Big week in AI news, y'all. The government and the big AI labs are getting real friendly, the power bills are getting real ugly, and the revenue rankings just flipped. Let's get into it.
OpenAI Offers The Government A $42.6 Billion Stake
According to the Financial Times, OpenAI has floated handing the US government a 5% equity stake worth about $42.6 billion. Sam Altman is calling it a "Public Wealth Fund," basically the Alaska oil fund but for AI money.
Why it matters: this is a company trying to buy political cover with equity. When you're building something this powerful and this expensive to run, you want the folks in Washington feeling like they've got skin in the game too, not just looking for reasons to regulate you into the ground.
Robert's take: I get the strategy, but handing the government a stake in your company doesn't make the government smarter about AI, it just makes them a shareholder. Those are two different things. I'd rather see clear rules than a check.
White House Drafts Voluntary AI Release Standards
Word is the White House is close to finalizing voluntary standards for how frontier AI models get released to the public, with an announcement possibly coming the week of July 7. Meanwhile OpenAI is reportedly holding back the full public launch of GPT-5.6 after the government asked for early access and more oversight first.
Why it matters: "voluntary" is doing a lot of work in that sentence. Voluntary standards are the kind of thing that work great right up until the first time they're inconvenient for whoever's in charge.
Robert's take: I'd rather have real rules everybody has to follow than a handshake agreement that changes depending on who's asking. If the government wants early access to check these models before they ship, fine, but call it what it is instead of dressing it up as voluntary cooperation.
Anthropic Passes OpenAI On Revenue
Reports out this week say Anthropic has overtaken OpenAI on revenue. That's a real shift, considering OpenAI has spent the last few years as the name everybody outside the industry actually knows.

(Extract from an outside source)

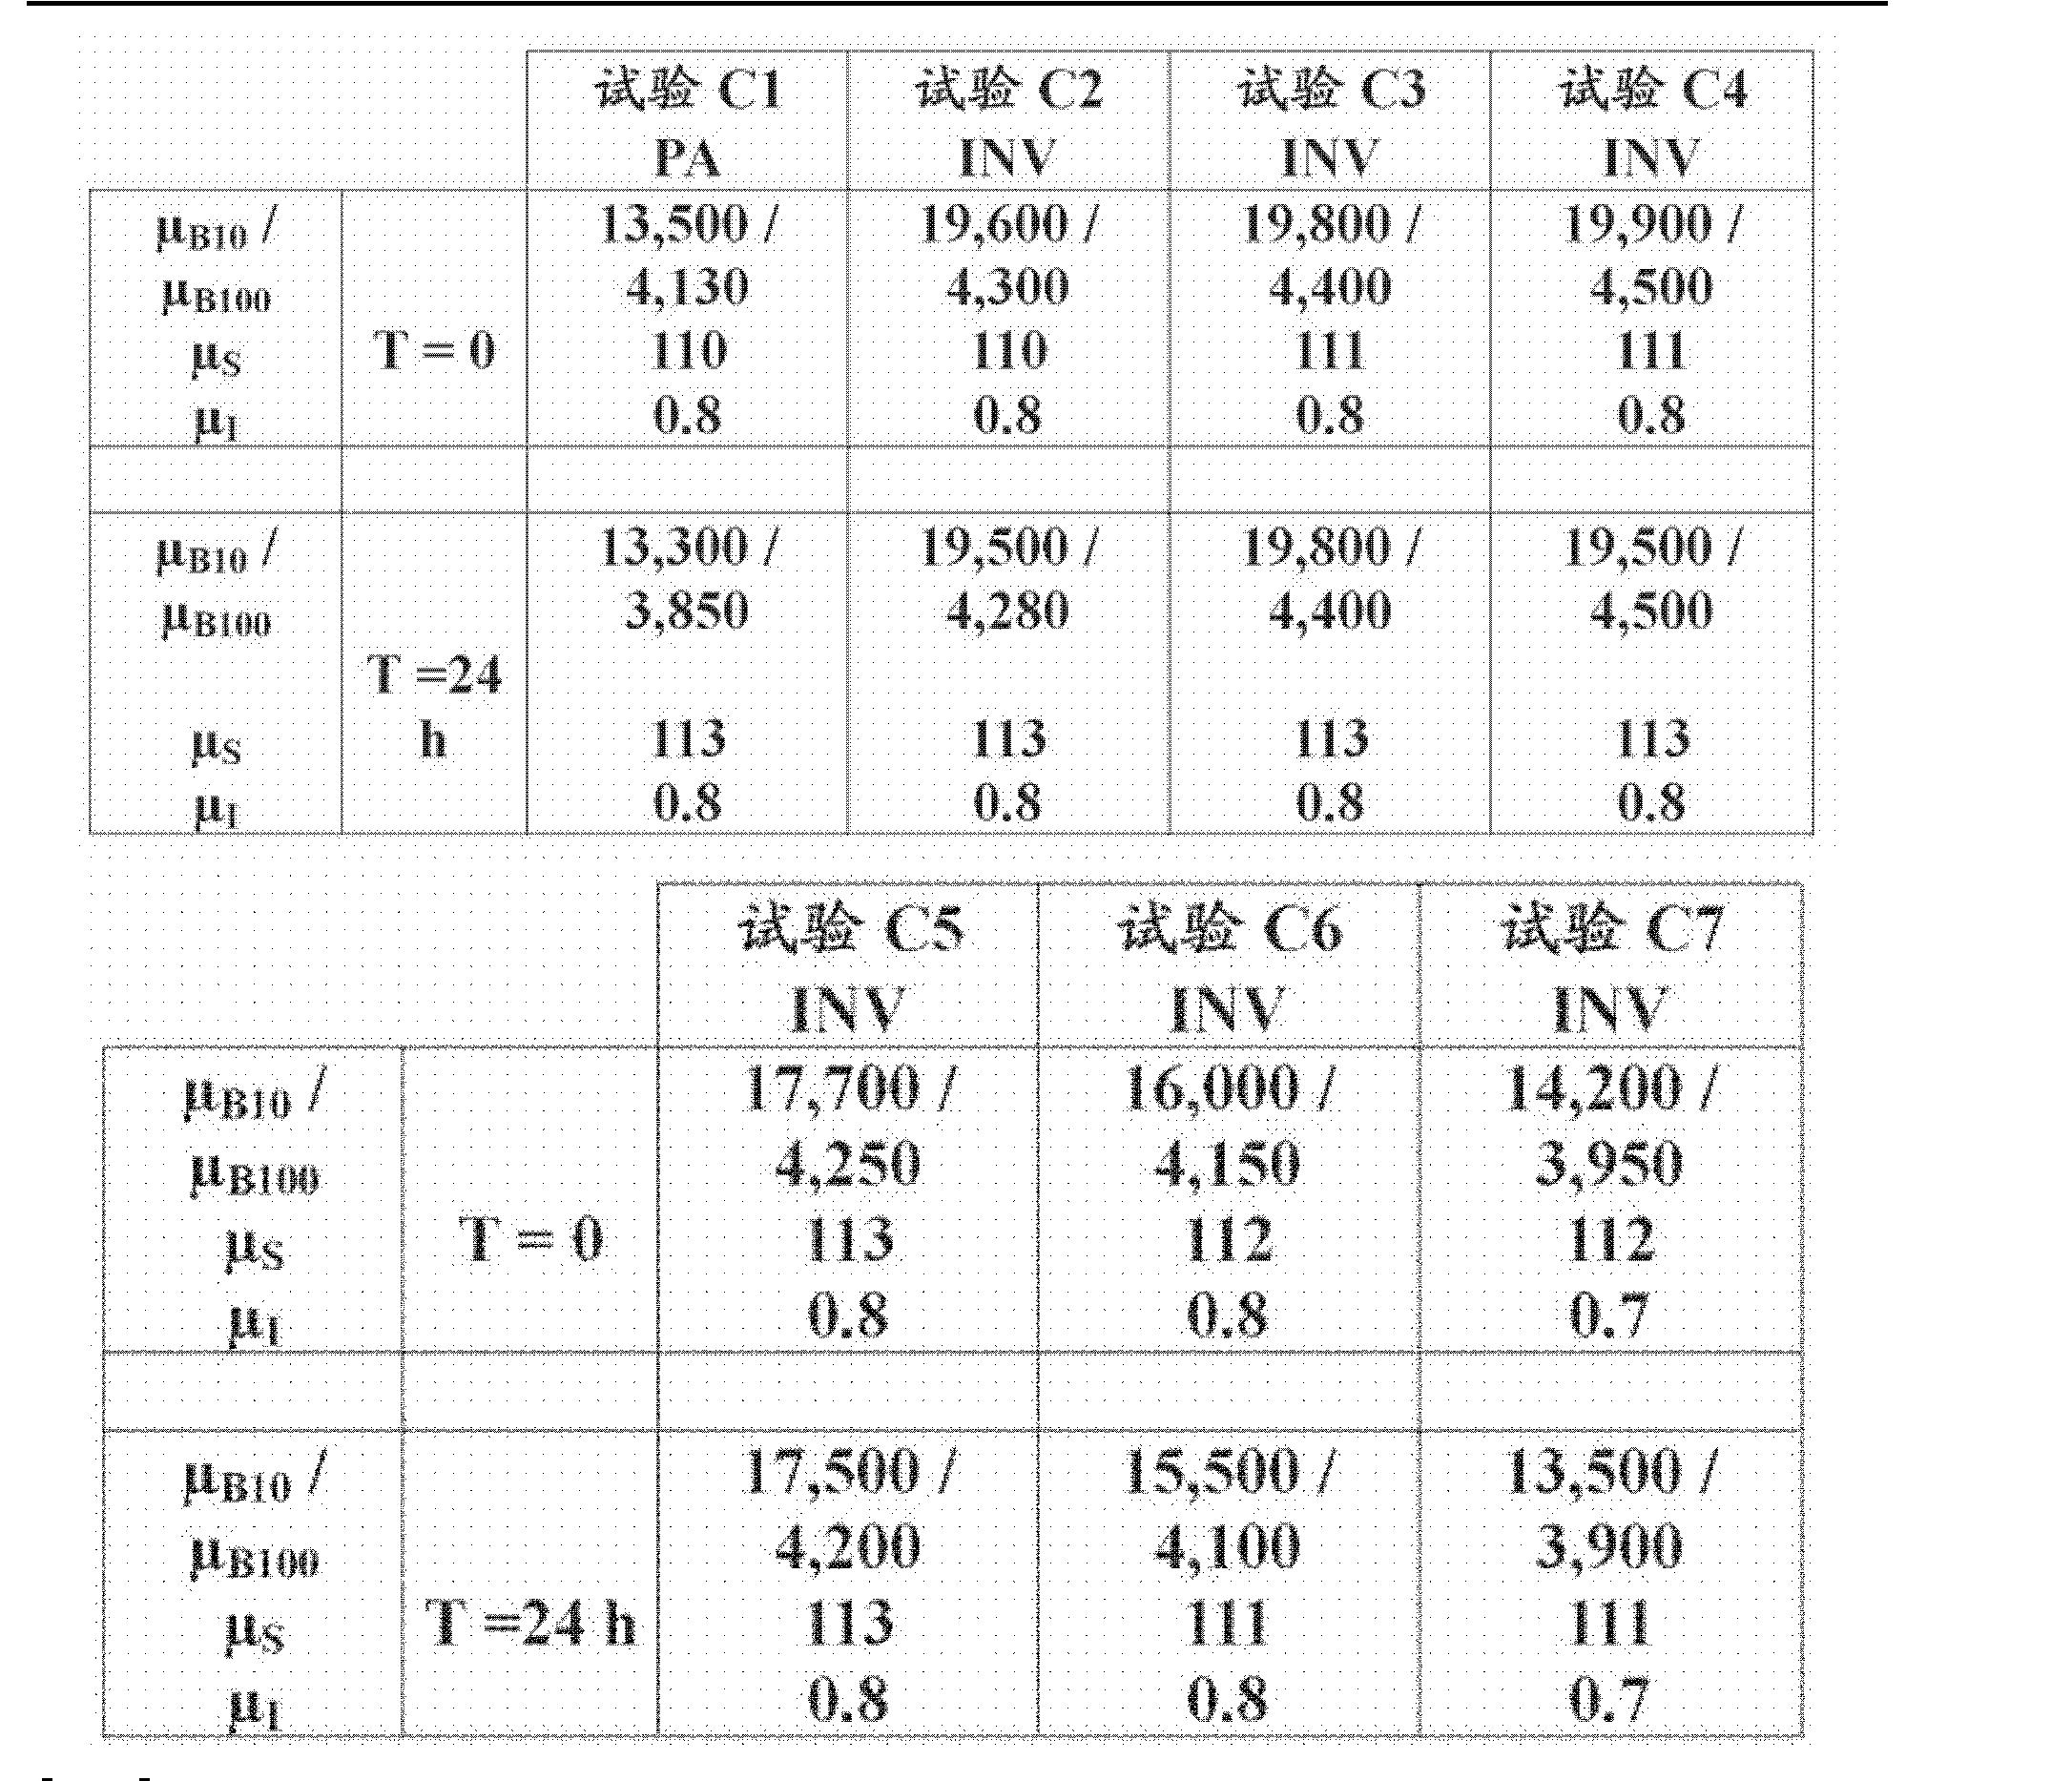 [0019] R = C15H31^n [0020]  = 0,2,4,6 [0021]式(I) [0022] 在本领域的状态中,没有人提出这种结构可能被用于制造用于组成HEUR缔合增稠剂的缔合单体。因此,精炼非污染性原料,所述原料不是得自化石燃料,并且可容易大量获得。 [0023] 另外,已证实,当所述增稠剂用于含水组合物时,其导致特别有益的流变行为。如由举例说明本发明的试验所演示的,在大的剪切梯度间隔内实现了增稠效果:因此,可以向终端用户提供合格范围的产品。最后,颜料相容性没有变差,而这在现有技术中

Why it matters: revenue isn't the same as market share or brand recognition, but it tells you something about where the paying customers are actually going, especially on the enterprise side where the real money lives.

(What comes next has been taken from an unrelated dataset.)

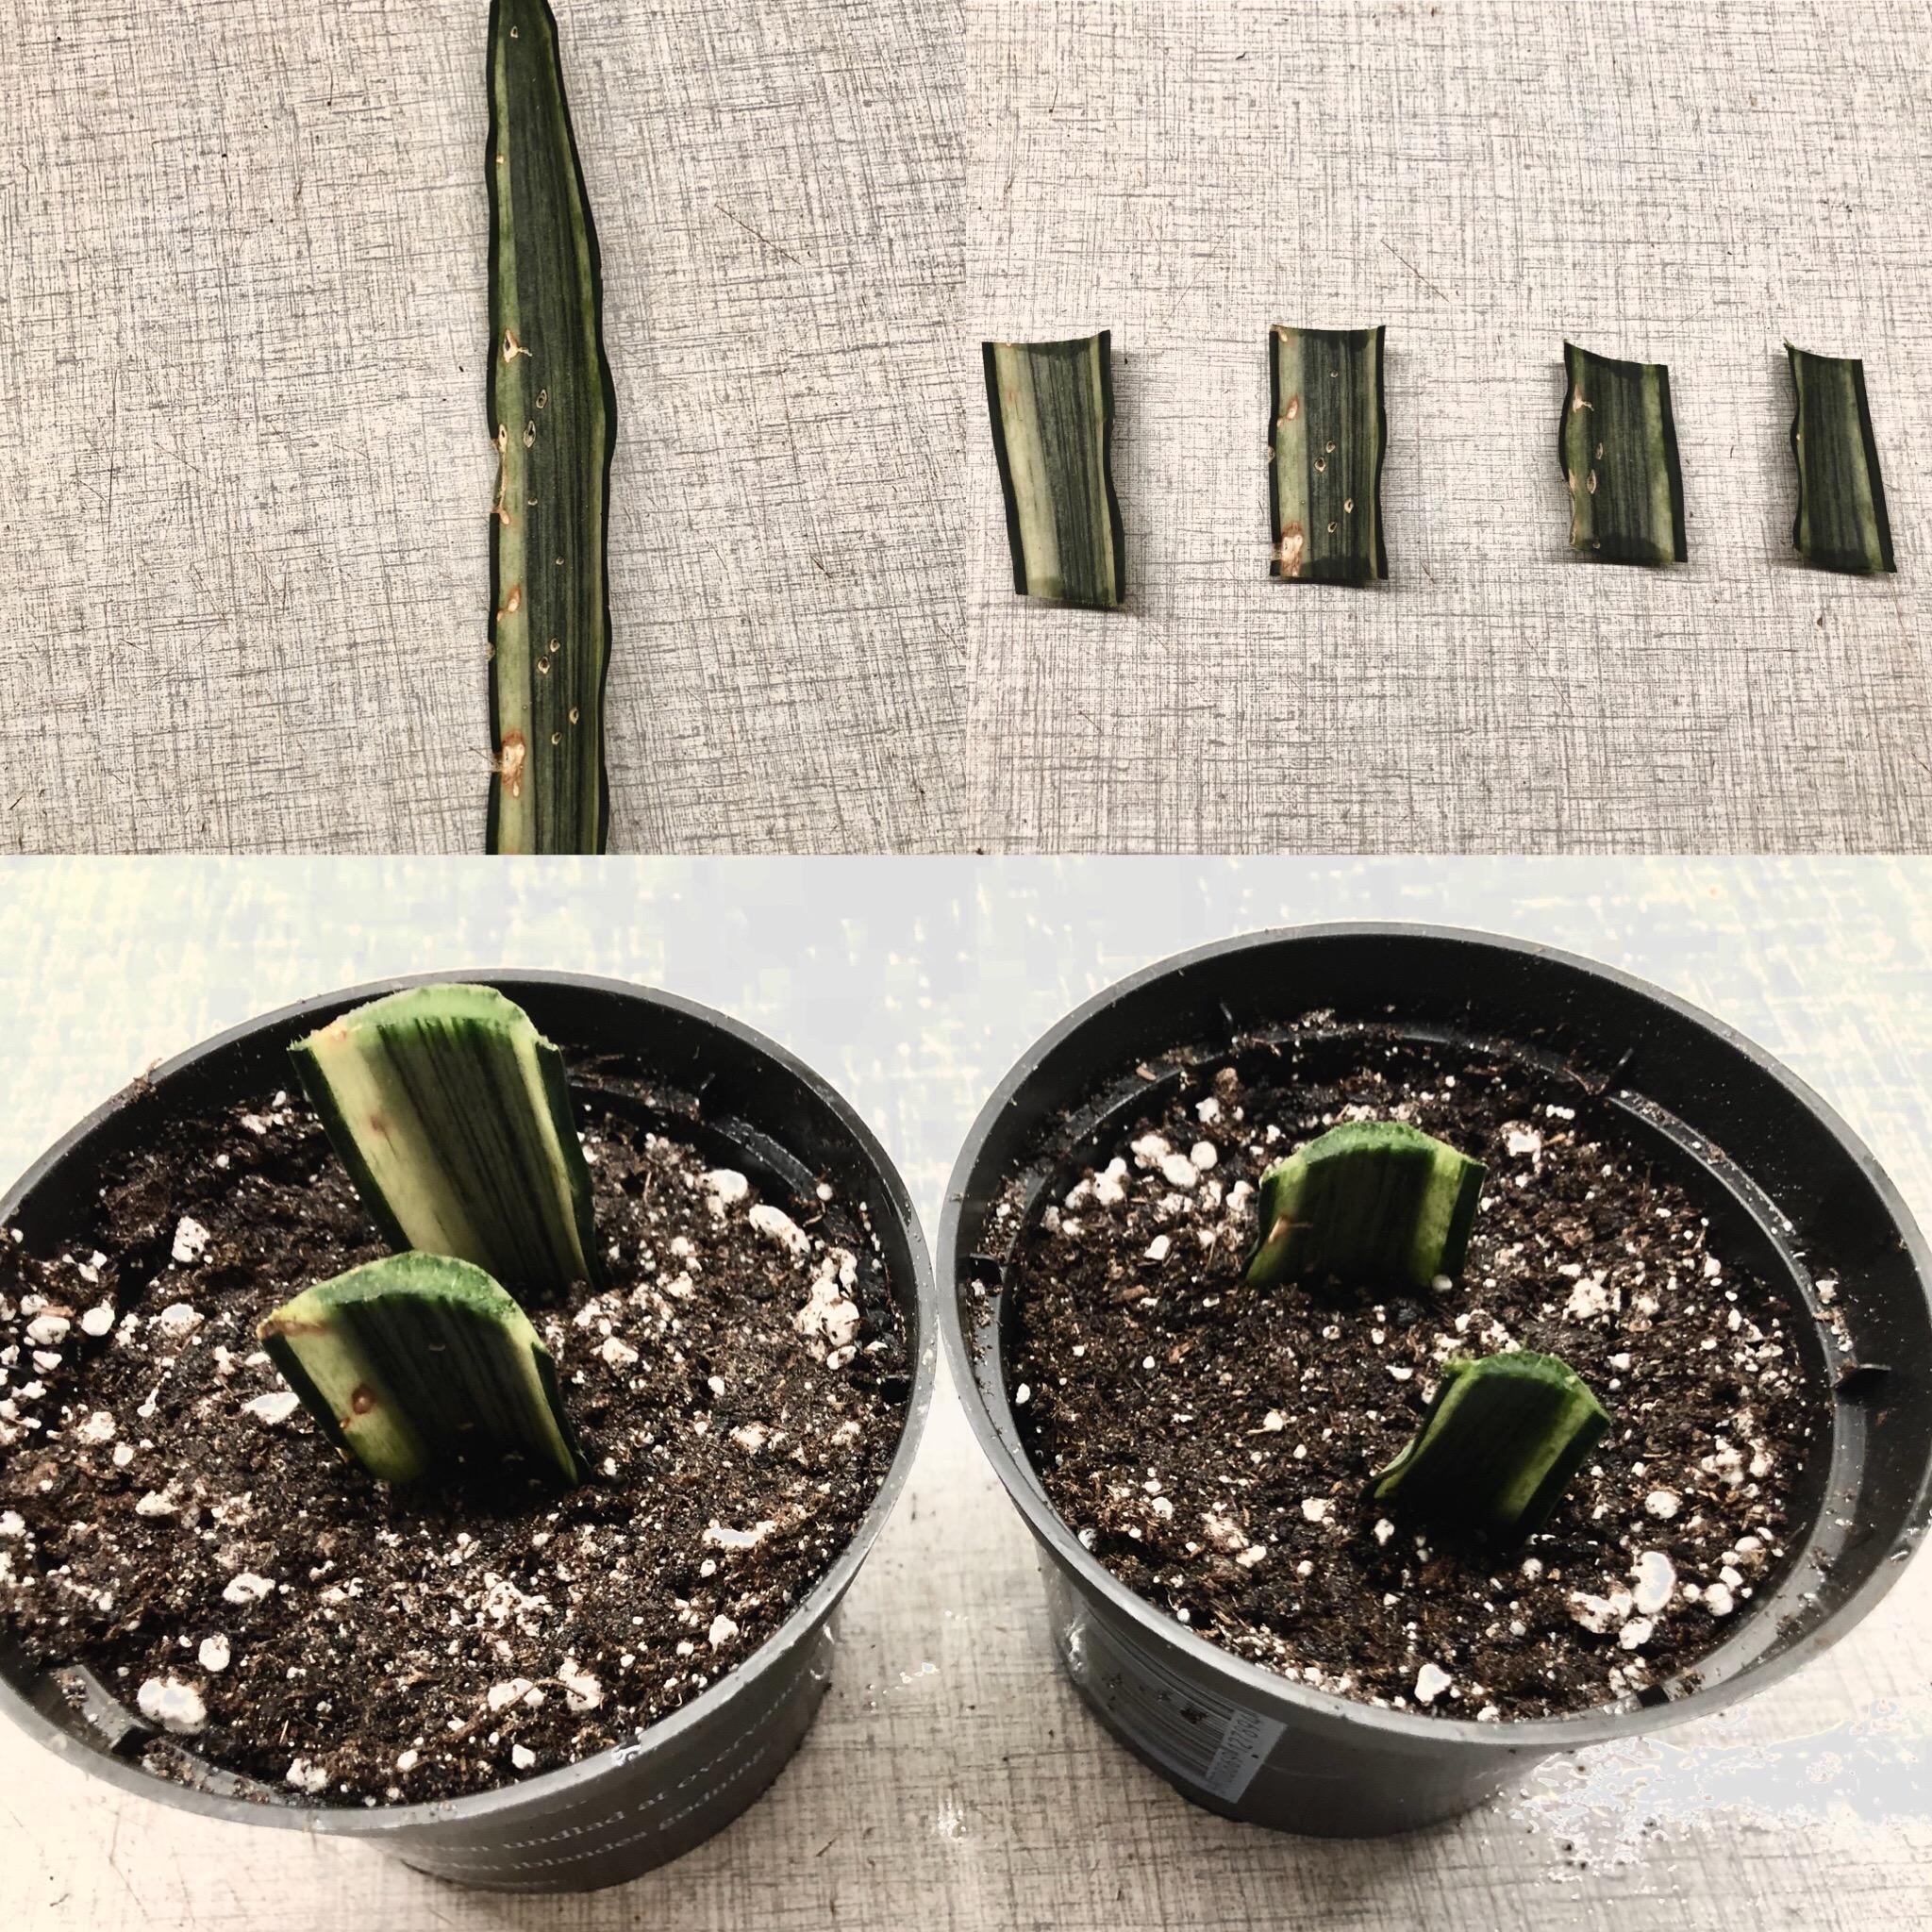 Jeg forsøger mig med at formere en af mine Sansevaria. Bladet her blev noget medtaget, da vi havde kattekillinger, så jeg har klippet det af og i fire stykker. Dem stikker jeg i jord, og så burde de slå rødder. Dog er det vigtigt, at bladstumpen vender samme vej, som da det voksede på planten.

Robert's take: I use Claude every day to run this whole operation, so I'm not exactly a neutral observer here. But this is a good reminder that the loudest company in the room isn't always the one winning the business that pays the bills.
Google's Power Bill Is Exploding
Google's latest environmental report shows electricity consumption jumped 37% year over year, the biggest increase in the company's history, and they're pointing straight at AI infrastructure and data centers as the cause.
Why it matters: everybody's been talking about AI's energy problem in the abstract for a couple years now. This is a real number from a real company saying yep, it's here, and it's bigger than we thought.
Robert's take: numbers like this are why I don't buy the idea that AI scales for free just because the software gets cheaper. Somebody's paying for that power, and eventually that cost shows up somewhere, either in your electric bill or in what these companies charge you to use their models.